Semantic search in the web UI — a natural-language query over 23k movie plots returns Cold-War spy films with scores, score bars, and CSV/JSONL/JSON export

A meaning-only query — none of these results contain the words "spies" or "blackmail" as keywords. 17 ms over 45k embedded chunks via the embedded HNSW index, on a plain self-hosted replica set.

What is it

mongosemantic is a Python toolkit — CLI, web dashboard, and MCP server — that adds search-by-meaning to the MongoDB you already run. Point it at a database, pick a text field, and it embeds your documents with a local model, keeps the embeddings in sync as your data changes, and answers natural-language queries ("a washed-up boxer gets one last shot at redemption") from the CLI, a browser, or directly to AI agents over MCP.

No separate vector database. No ETL. No embedding API bill. Works on Atlas, self-hosted replica sets, and standalone MongoDB 7.0+.

Why it exists

Adding semantic search to an existing MongoDB app today usually means one of three things:

Bolt on a vector database (Pinecone, Weaviate, Qdrant, …) — new infrastructure, an ETL pipeline to keep two systems consistent, and a second source of truth to operate forever.
Use Atlas Vector Search directly — solid when you're on Atlas with Search-index slots to spare, but the embedding pipeline is still on you: chunking, batching, re-embedding on update, model upgrades. The managed alternatives are constrained — Atlas auto-embedding is a metered preview tied to one model family, and the Community 8.2 search preview requires running a separate mongot binary.
Send documents to an embedding API — your data leaves your machines, and you pay per token, forever.

mongosemantic is the missing pipeline-and-product layer on top of the database you already have: free local embeddings (your data never leaves the box), any MongoDB 7.0+ topology with zero extra infrastructure, and all the unglamorous parts handled — change-stream sync, a self-healing job queue, chunking, index management, online model migration. Search by meaning is one apply away.

Why you'd pick it

Local-first and free — embeddings are computed on your machine with sentence-transformers; documents never leave your network and there is no per-token meter. OpenAI/Ollama models are opt-in, not required.
Any MongoDB, zero new infra — Atlas, replica set, or standalone 7.0+. No vector database, no sidecar process, no ETL. Embeddings live in MongoDB next to your data (a shadow collection, or inline on the doc).
Fast without Atlas — an embedded HNSW index makes self-hosted search ~15 ms over 45k chunks instead of a 2.5 s brute-force scan.
Search quality built in — hybrid semantic+keyword search on every topology, metadata filters that need no reindex, and a local cross-encoder reranker. Capabilities that usually require Atlas Search tiers or external services, all local.
Never stale — change streams (or polling on standalone) re-embed documents as they change; a self-healing job queue reclaims stalled work automatically.
Model freedom — five models from free-local to OpenAI, and an online migration command that swaps a collection to a new model with near-zero downtime and a rollback archive.
Three interfaces, one state — CLI for scripts, a web dashboard for humans, and an MCP server so Claude Desktop / Cursor / any AI agent can query your data by meaning. All share the same saved connection.

How to use it

pip install mongosemantic

export MONGOSEMANTIC_URI="mongodb+srv://user:pass@cluster.mongodb.net/my_db"
export MONGOSEMANTIC_DB="my_db"

mongosemantic inspect --collection articles        # 1. score fields for suitability
mongosemantic apply   --collection articles --field body   # 2. configure + create indexes
mongosemantic index   --collection articles        # 3. bulk-embed existing docs
mongosemantic worker &                             # 4. keep embeddings in sync
mongosemantic search  "budget travel"              # 5. search by meaning

That's the whole loop: inspect tells you which fields are worth embedding, apply configures the collection (and creates Atlas indexes where applicable), index enqueues existing documents, the worker embeds them and stays running to catch changes, and search queries by meaning — with --filter, --rerank, and --hybrid available from day one.
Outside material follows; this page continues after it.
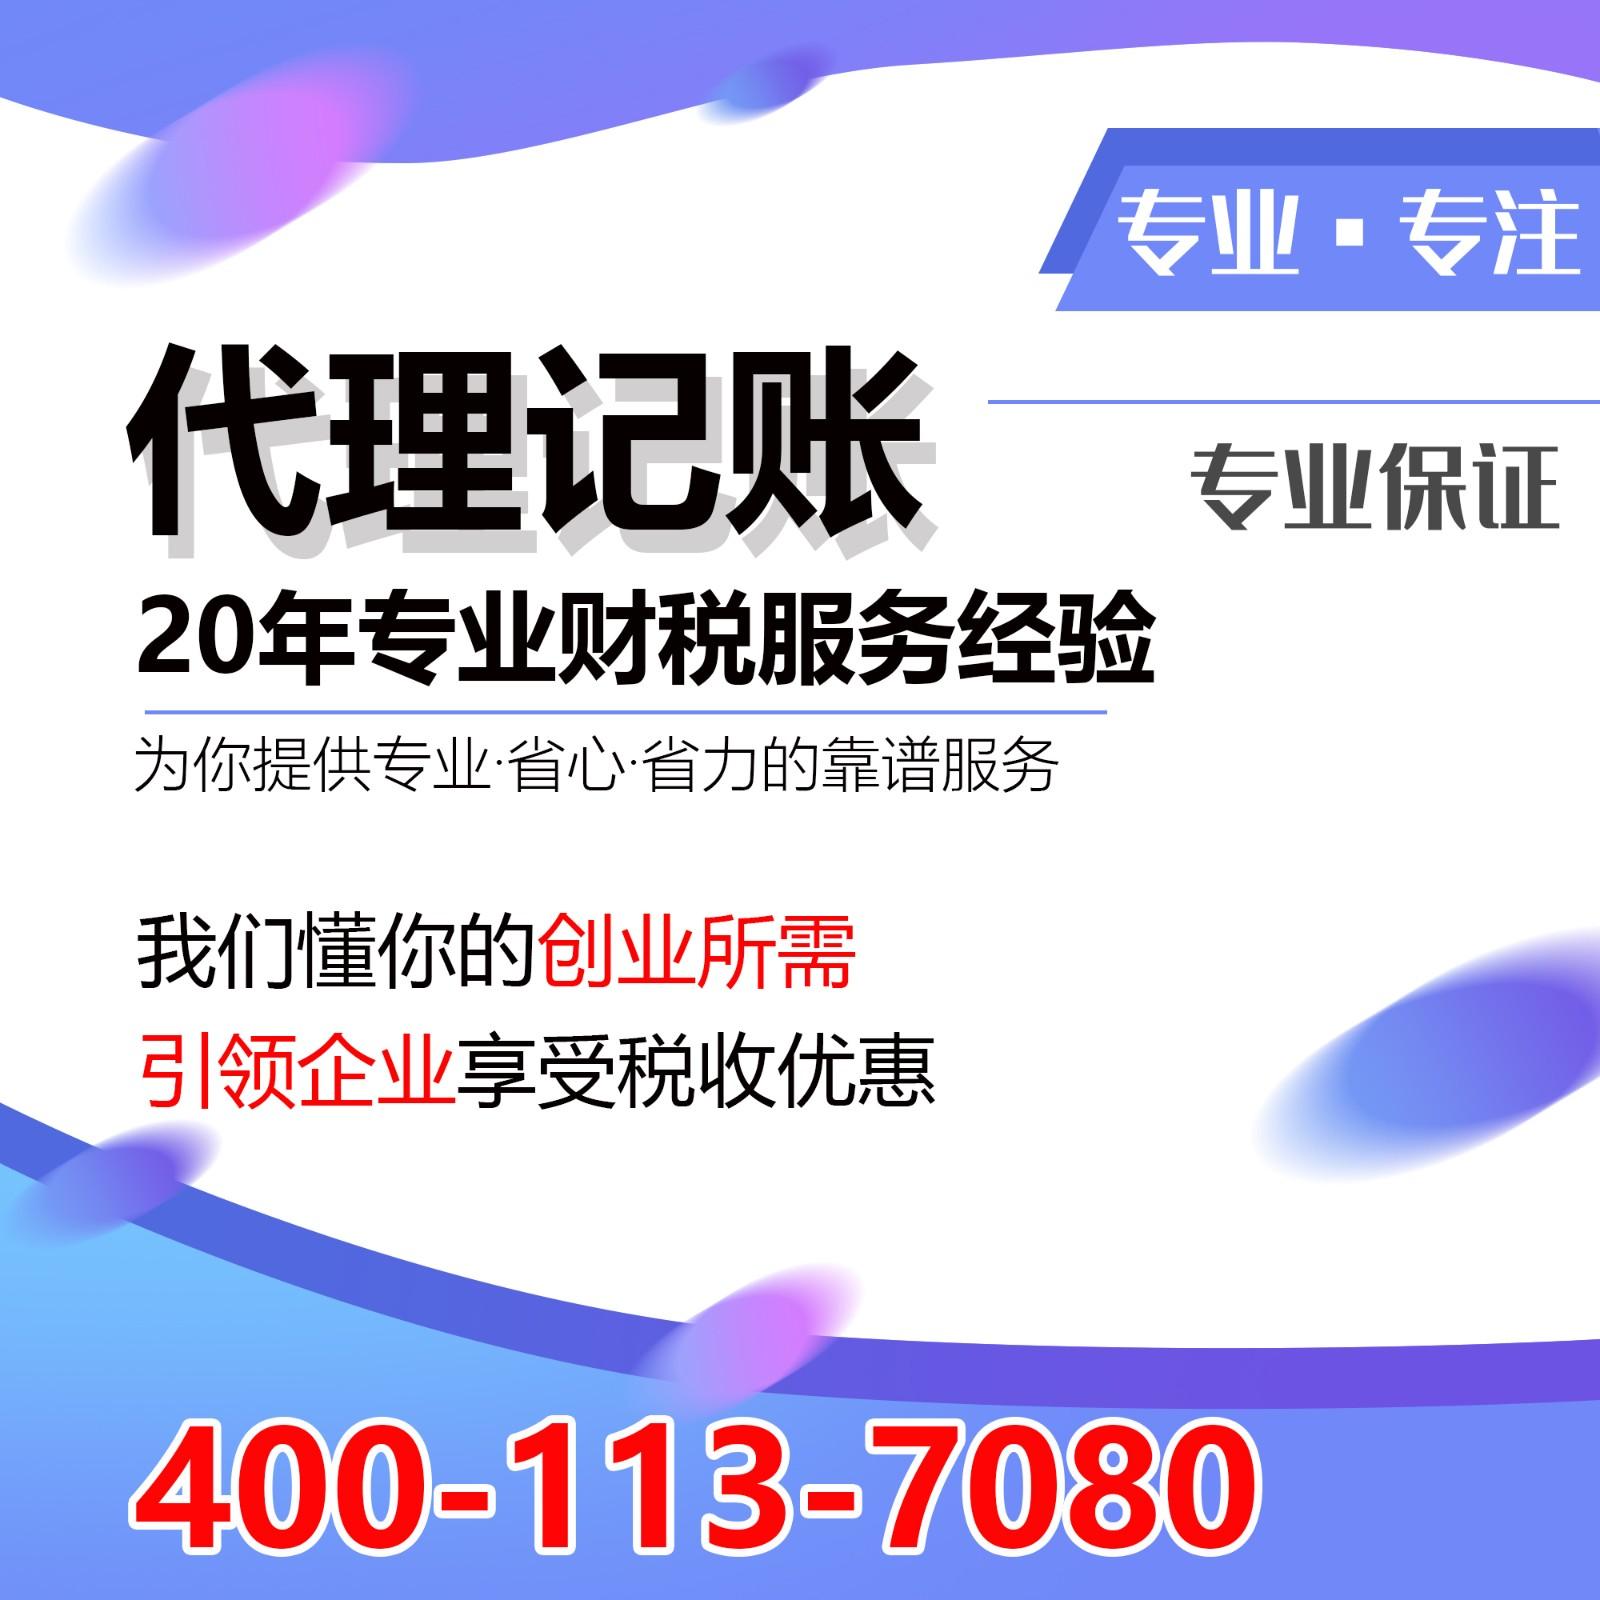 泉州记账公司 公司注册代理 代办工商注册 宏兴财税服务集团

Prefer a UI? The dashboard does everything the CLI does, plus observability:

mongosemantic ui                          # http://127.0.0.1:8080

It runs an embedded worker, so ui alone is a complete deployment. Localhost-bound by default with CSRF protection, rate limiting, and security headers — bind to a non-loopback address only behind your own auth proxy.
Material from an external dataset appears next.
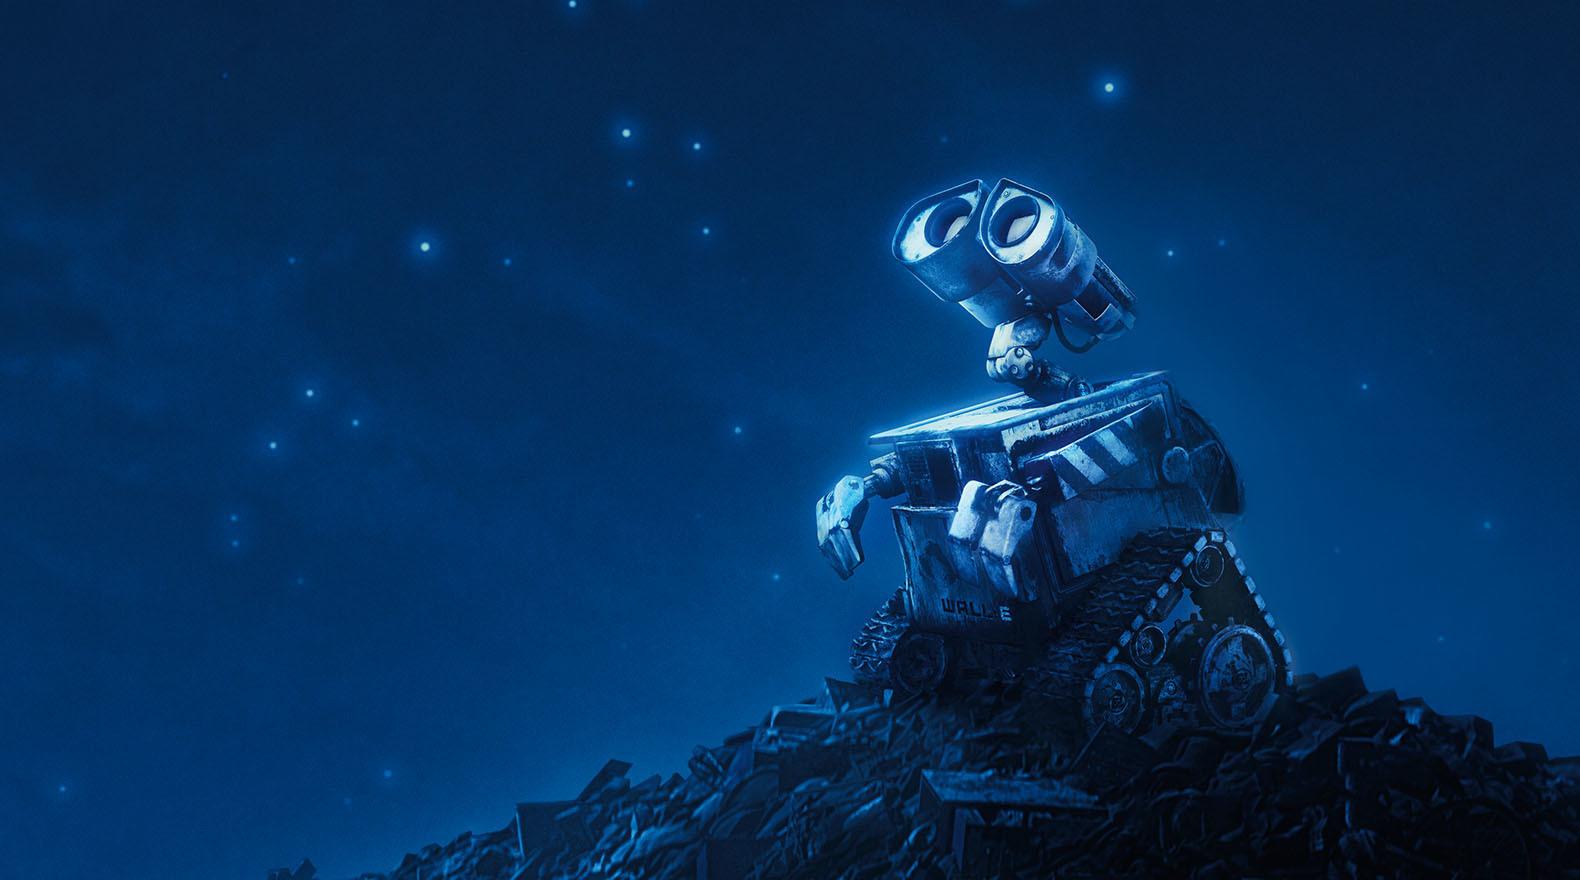 دستاورد انسان در طول سالهای حیاتش در زمین تنها تخریب و نابودی زمین است، روزگاری فرا میرسد که رباتها به کمک انسانهای تخریب کننده میآیند. در این میان WALL-E ربات بیچارۀ قدیمی غژغژ کنانی است که در زمینِ مملوء از زباله تنها مانده است.

Wiring it into an AI agent is one command:

mongosemantic integrate claude          # writes Claude Desktop config (restart Claude)
mongosemantic serve --transport sse     # or run as a standalone SSE server on :8090

Want data to try it on? See Demo data below — a seeded movies collection makes every example in the next section reproducible.

See it in action

A tour of every feature, in the order you'd meet them. Every screenshot is real and reproducible — .capture.yaml defines each shot and capture run regenerates the full set against a seeded database. docs/test-evidence-0.9.md collects the feature-by-feature proof for the 0.9.0 search upgrades.

Connect — with topology detection

Paste a MongoDB URI (or rely on env vars) and mongosemantic detects what it's talking to — Atlas, self-hosted replica set, or standalone — and adapts everything downstream: which search engine to use, whether sync can use change streams or must poll, which indexes to create. The connection is saved once and shared by the CLI, the dashboard, and the MCP server.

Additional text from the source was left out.